Al final tuve una reunión larguísima con la líder de esa área. Yo le pregunté sobre su familia y estuvimos conversando -yo más que todo escuchando- sobre el proceso de divorcio en el cual se encuentra actualmente. Quedé de enviarle Eat, Pray, Love. Creo que al final la reunión fue de casi dos horas. O al menos entre una y dos horas. Cuando bajé a mi escritorio ya estaba sobre la hora de mi almuerzo. Como los burritos que habíamos preparado el día anterior habían resultado enormes nos sobraron dos, que llevé este día para mi almuerzo.
Me dirigí al parquecito de costumbre con una prensa y los burritos y almorcé leyendo las noticias de la semana pasada.
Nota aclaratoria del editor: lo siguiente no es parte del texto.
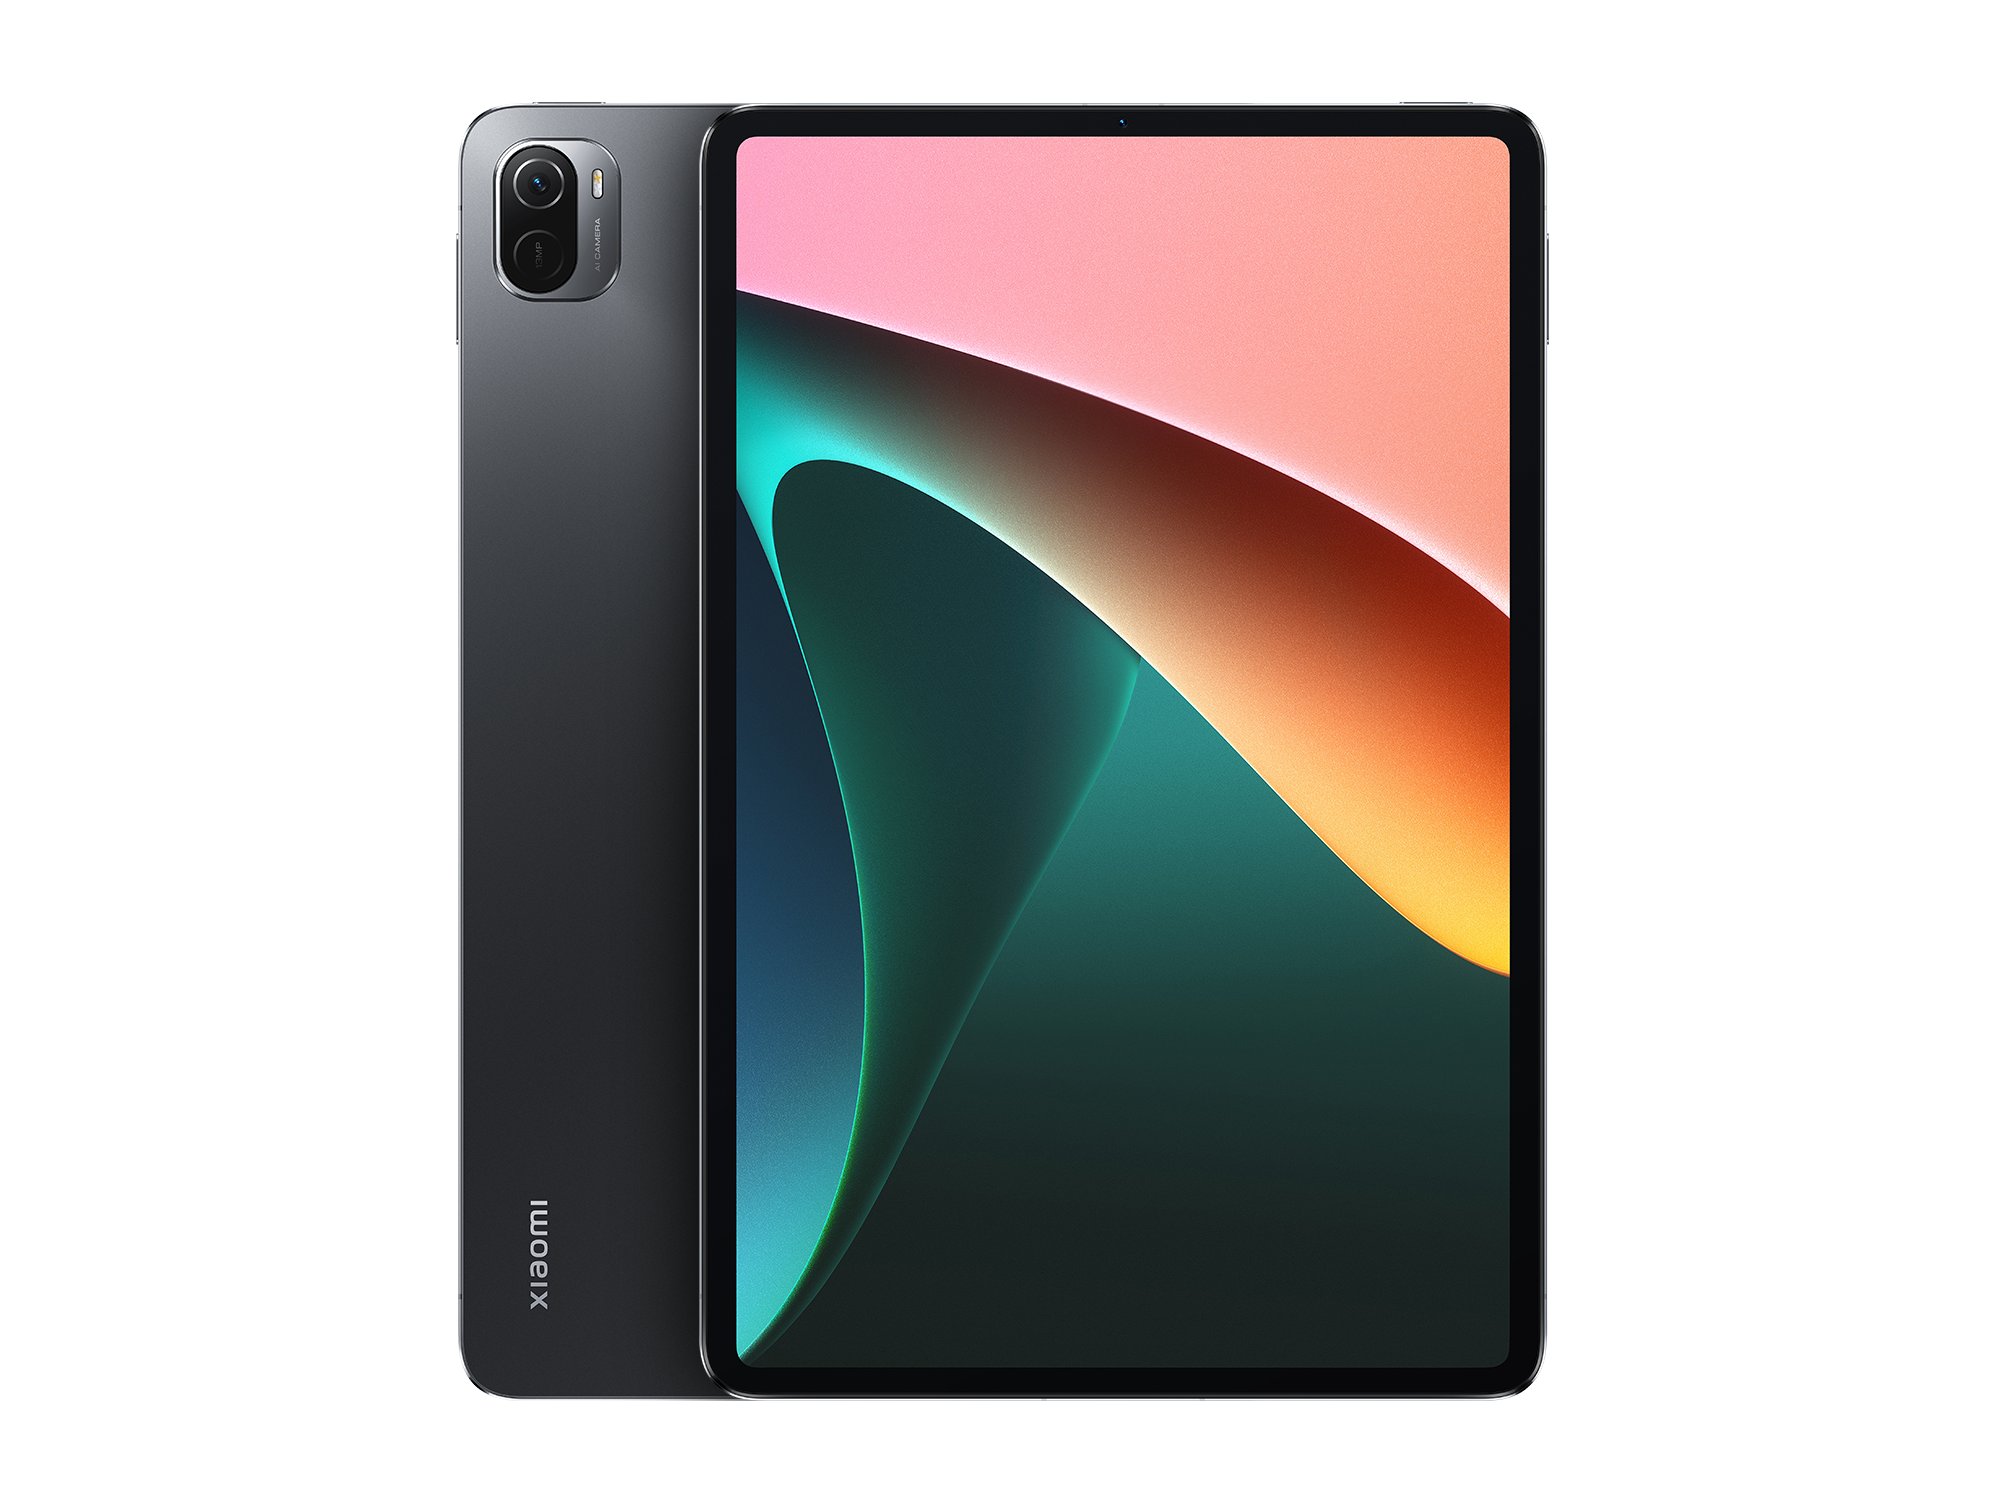  The image shows the Xiaomi Redmi Pad Pro 5G, a tablet with a 12.1-inch 2.5K LCD display with a 120Hz refresh rate, Dolby Vision, and Corning Gorilla Glass 3 protection.

Luego de almorzar retorné a mi oficina y me pasé toda la tarde diagramando un par de procesos y adecuando algunos comentarios en otro par de documentos. Un poco antes de las seis el compañero del BMW me indicó que no había llevado automóvil, que su amigo no pasaría y que planeaba abordar el Transurbano. Salimos a las seis y media y abordamos el autobus en el Obelisco.
Pasé a comprar pan tostado para la cena de hoy y pan para el almuerzo de mañana. Estaba revisando mis redes sociales, respondiendo a algunos mensajes del día del padre cuando me llamó mi hija segunda, pidiéndome que pasara por su casa pues me habían preparado algo. Cuando llegué mi chico menor ya estaba dormido, mis hijas salieron con una bandeja de duroport. Era una cena -o almuerzo?- que mi ex esposa había preparado. Coincidentemente es la misma comida que preparó para la reunión de mi graduación de la universidad.
Estuve conversando con mis chicas un rato y luego retorné a mi habitación. Espero no dormirme muy tarde pues debo mejorar mi ánimo. Incluso el compañero del BMW me comentó este día que se nota mucho cuando ando de bajón.